Counterfeit Christs is your eighth book since 2013! Even if you were a monk living in extreme solitude and doing nothing but writing books, that would be a heck of an accomplishment—but you’re married, the father of two, and a staff apologist for Catholic Answers! How do you remain so productive?
Jesus said, “apart from me, you can do nothing” (John 15:5), and so I am grateful for the grace God has given me to remain productive through the writing process. Of course, we also believe grace perfects nature, and so there are some practical habits I follow to help me write so many books.
I make sure that I have clear outlines for exactly what I want to write. For a lot of people, the challenge of writing comes from staring at a laptop’s blinking cursor and wondering “What now?” But since I know the general direction I want to go in each book, I can start writing immediately, but I don’t start at page one. Instead, I write as “the spirit moves me,” and take a more interesting chapter first in order to build momentum on future chapters. I often jump between sections in a chapter, or even between chapters, if I have an unexpected moment of inspiration.

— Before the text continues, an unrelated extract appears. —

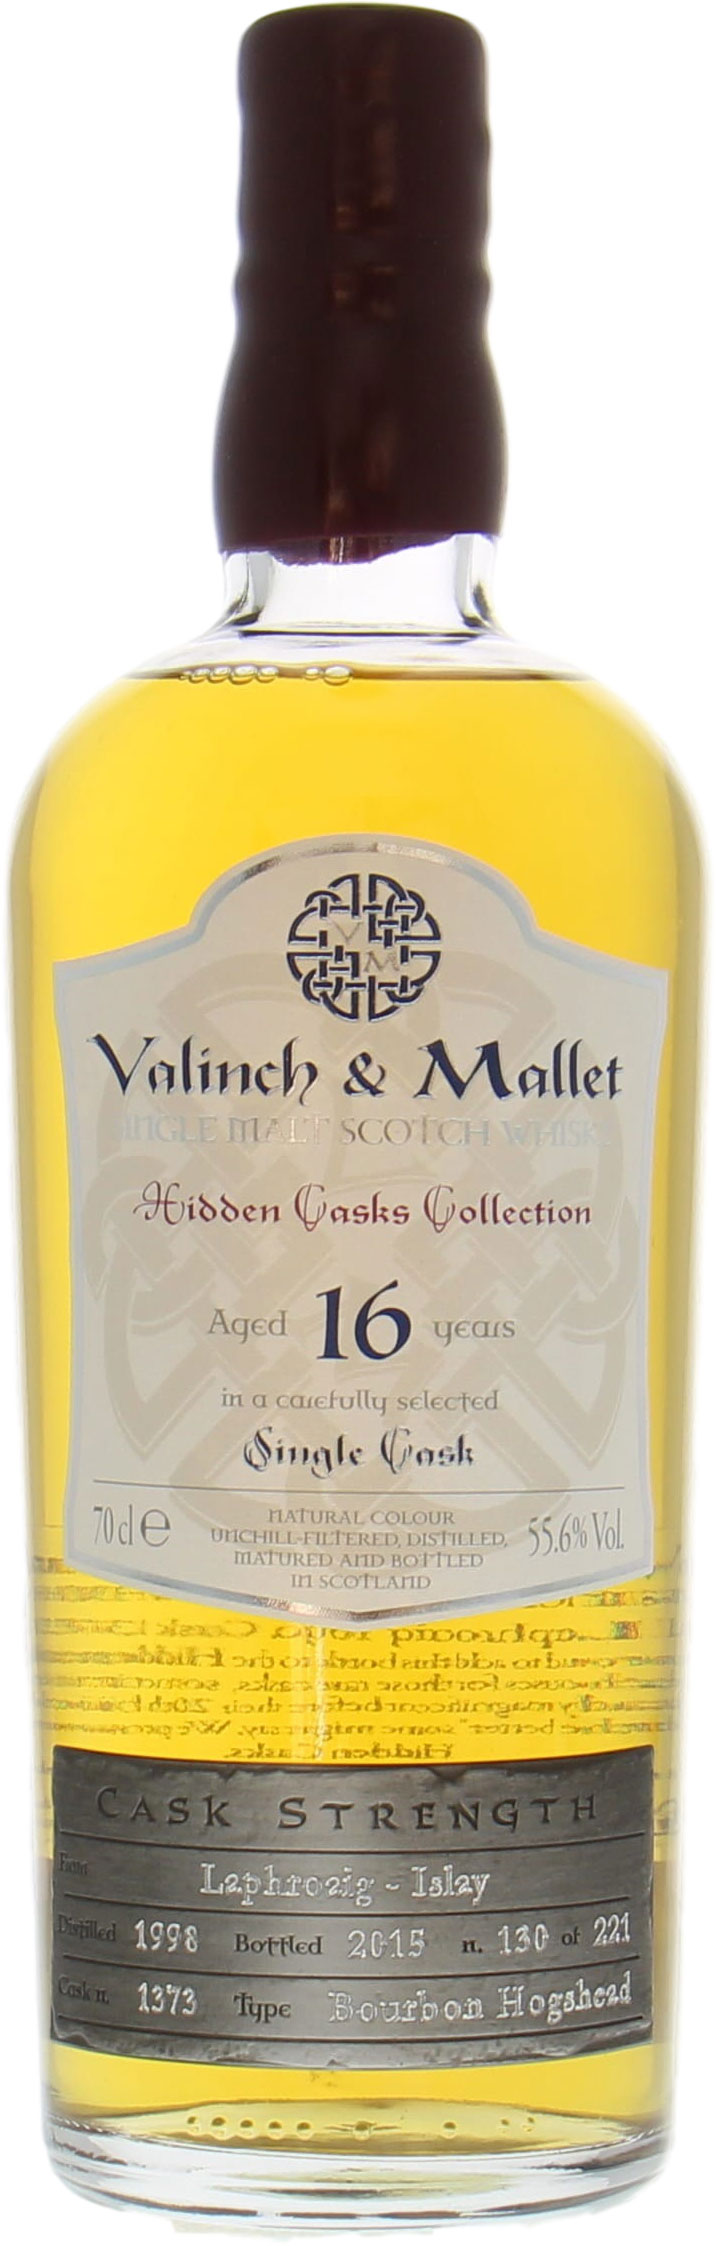 Laphroaig - 16 Years Old Valinch & Mallet Cask 1373 55.6% 1998 Perfect
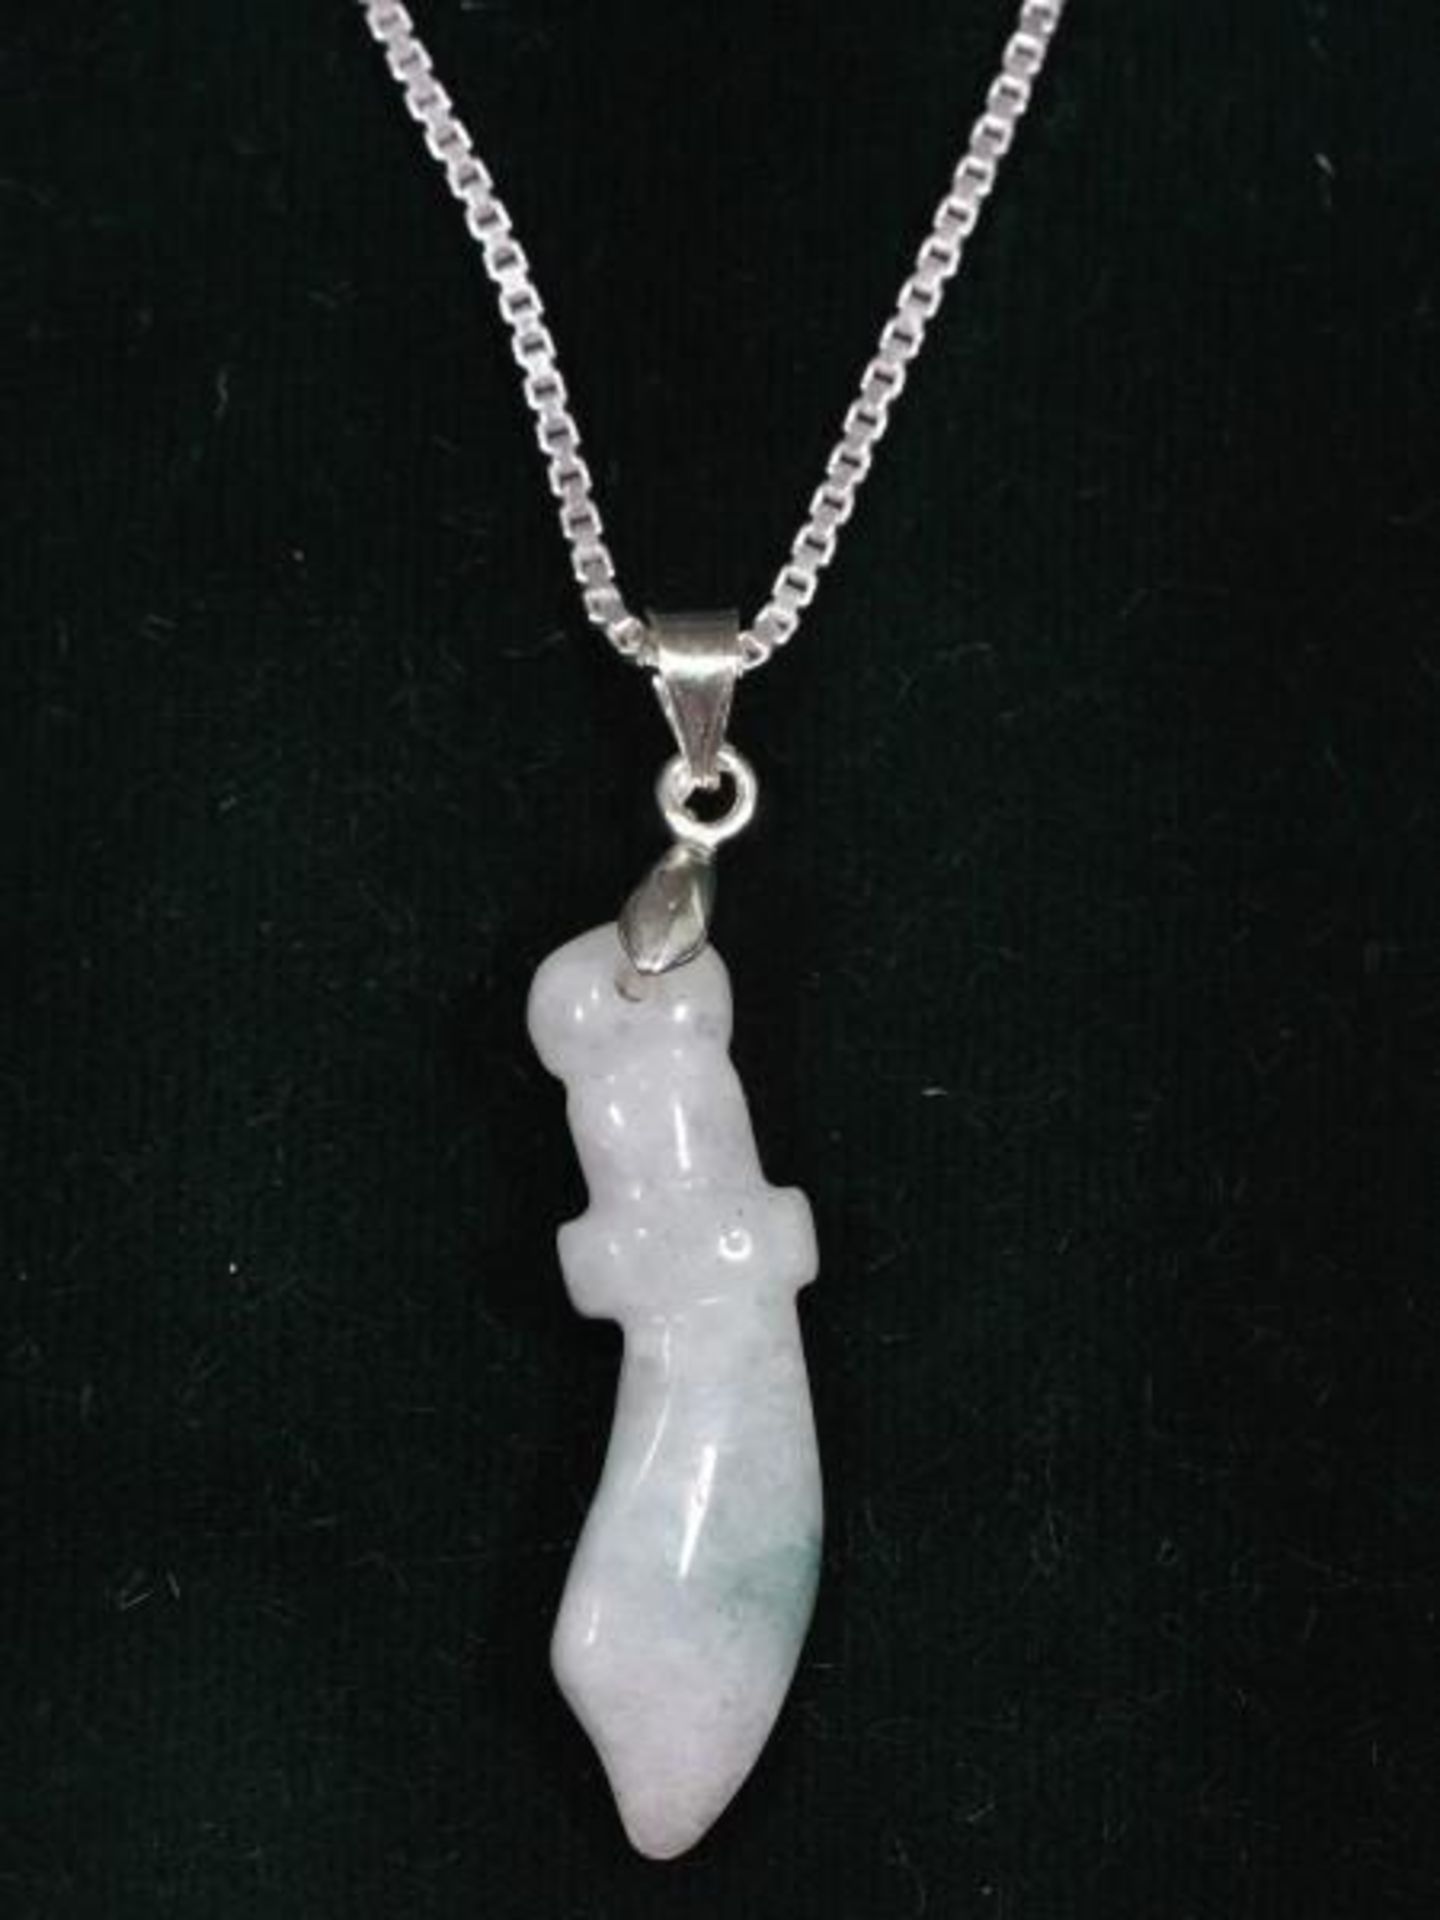 Genuine Carved Jadedide Pendant in Sword Shaped with Chain. Retail $160 (MS07 - 17)

I also take stock of the gifts and challenges God has given me and use them to my advantage. For example, the Lord blessed me with a decent long-term memory, so I can recall facts and quotes from books and articles I’ve read a long time ago, which helps cut down on the time it takes to do research. However, I have an unreliable short-term memory, which can make writing difficult, so when I get an idea for something to include in a book I immediately write it down. These end up in a “palette” of possible ideas and short bursts of text that might make it into the book. Sometimes if a section isn’t working in a chapter it goes to the palette, only to end up in another part of the book. This is better than trying to juggle ideas for the book’s structure in my mind when my mental bandwidth needs to be saved for the book’s content.
Finally, I stay productive by not writing all the time. I give my brain time to recharge and take frequent breaks to go on a walk or go to the arcade and shoot zombies (yes, an arcade—I am a child of the nineties, you know). By doing that my mind resets and is better able to overcome “writer’s block.”
Wow, looks like we’ll have to do another interview just on this one question because there’s so much I could share. I hope this is at least helpful!